# Music for Humor's Sake



## Wolfman (Apr 15, 2004)

Anybody else do this? We "lighten up" some of our haunt scenes in the Walk-thru with tunes that you may not expect to hear in a Haunted House. In the Mad Scientists Lab you can hear the strains of Thomas Dolby's "She Blinded Me With Science". We once used Frank Sinatra's "Strangers In The Night" for a Vampire scare and for the past two years the Vampire's coffin has opened to the first three bars of an old Mo-Town hit - "I Wanna Get Next To You".
I have noticed that older members of our audience, those over 40 (and we get a lot), all seem tp appreciate the humor. 
Anybody else doing that?


----------



## Guest (Jul 6, 2005)

I ran this one by my daugter and the forum... they thought it to corny but I think its funny...

a skeleton in a cowboy getup struming a guitar and in the middle of the cemetary singing "All My Rowdy Friends Have Settled Down"

Thought about using gouls/zombies singing "I Cant Get No Satisfation" but they would look to much like Mick and Keith in real life...

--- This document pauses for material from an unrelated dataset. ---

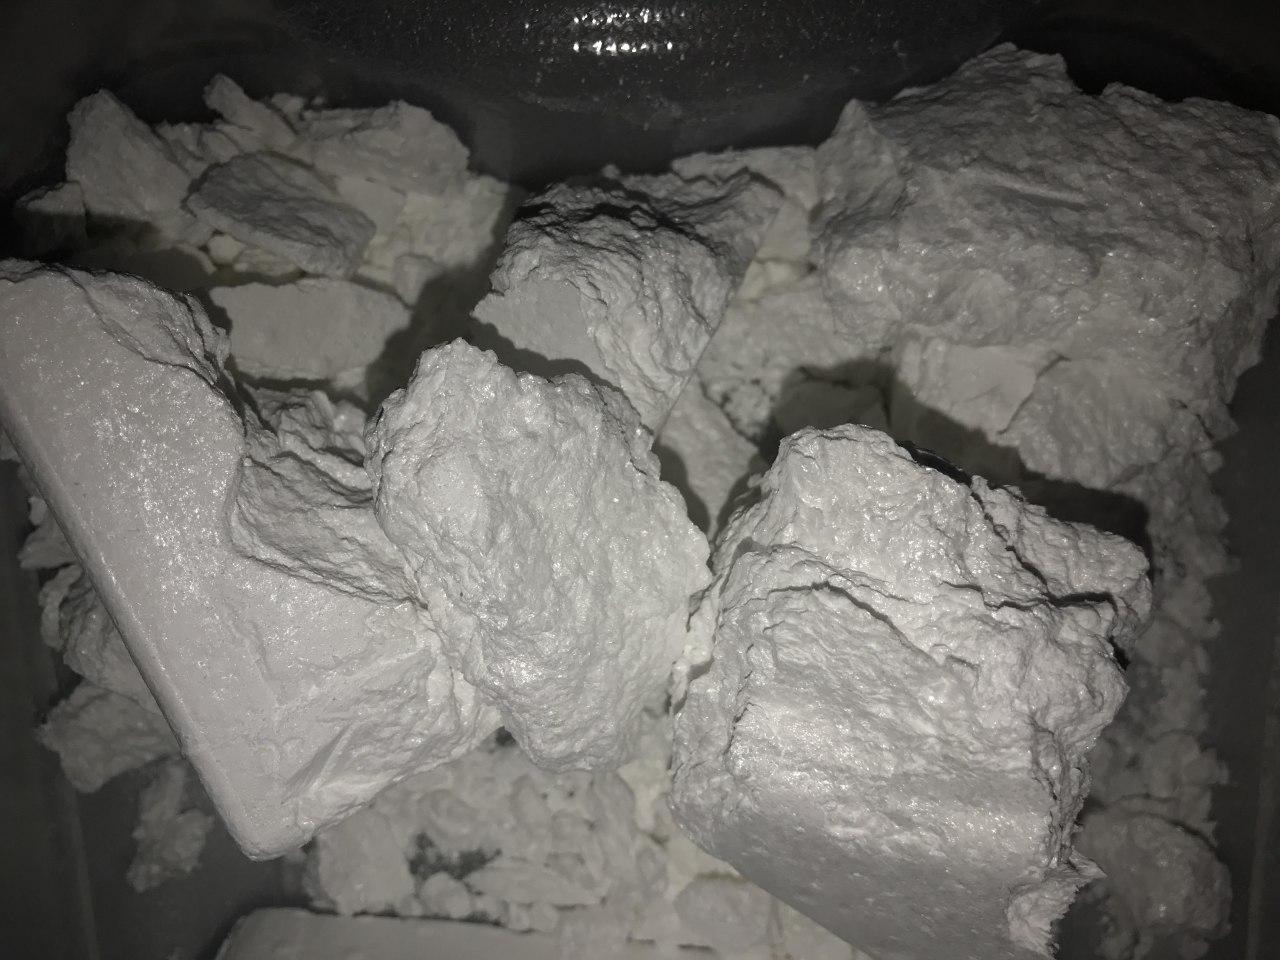 Bio Cocaine For Sale

Also, a corpse rising up from a coffin singing "Im Driving Nails In My Coffin Over You"(Earnest Tubb)


----------



## grapegrl (Jun 16, 2005)

All good ideas...injecting a little humour probably keeps the crowds guessing. Guests let their guards down, making them ripe for bigger scares.


----------



## Halloweiner (Oct 2, 2003)

Reminds me of House of 1000 Corpses when Rob Zombie used a Slim Whitman song "I'll Remember You"....lol...priceless.


----------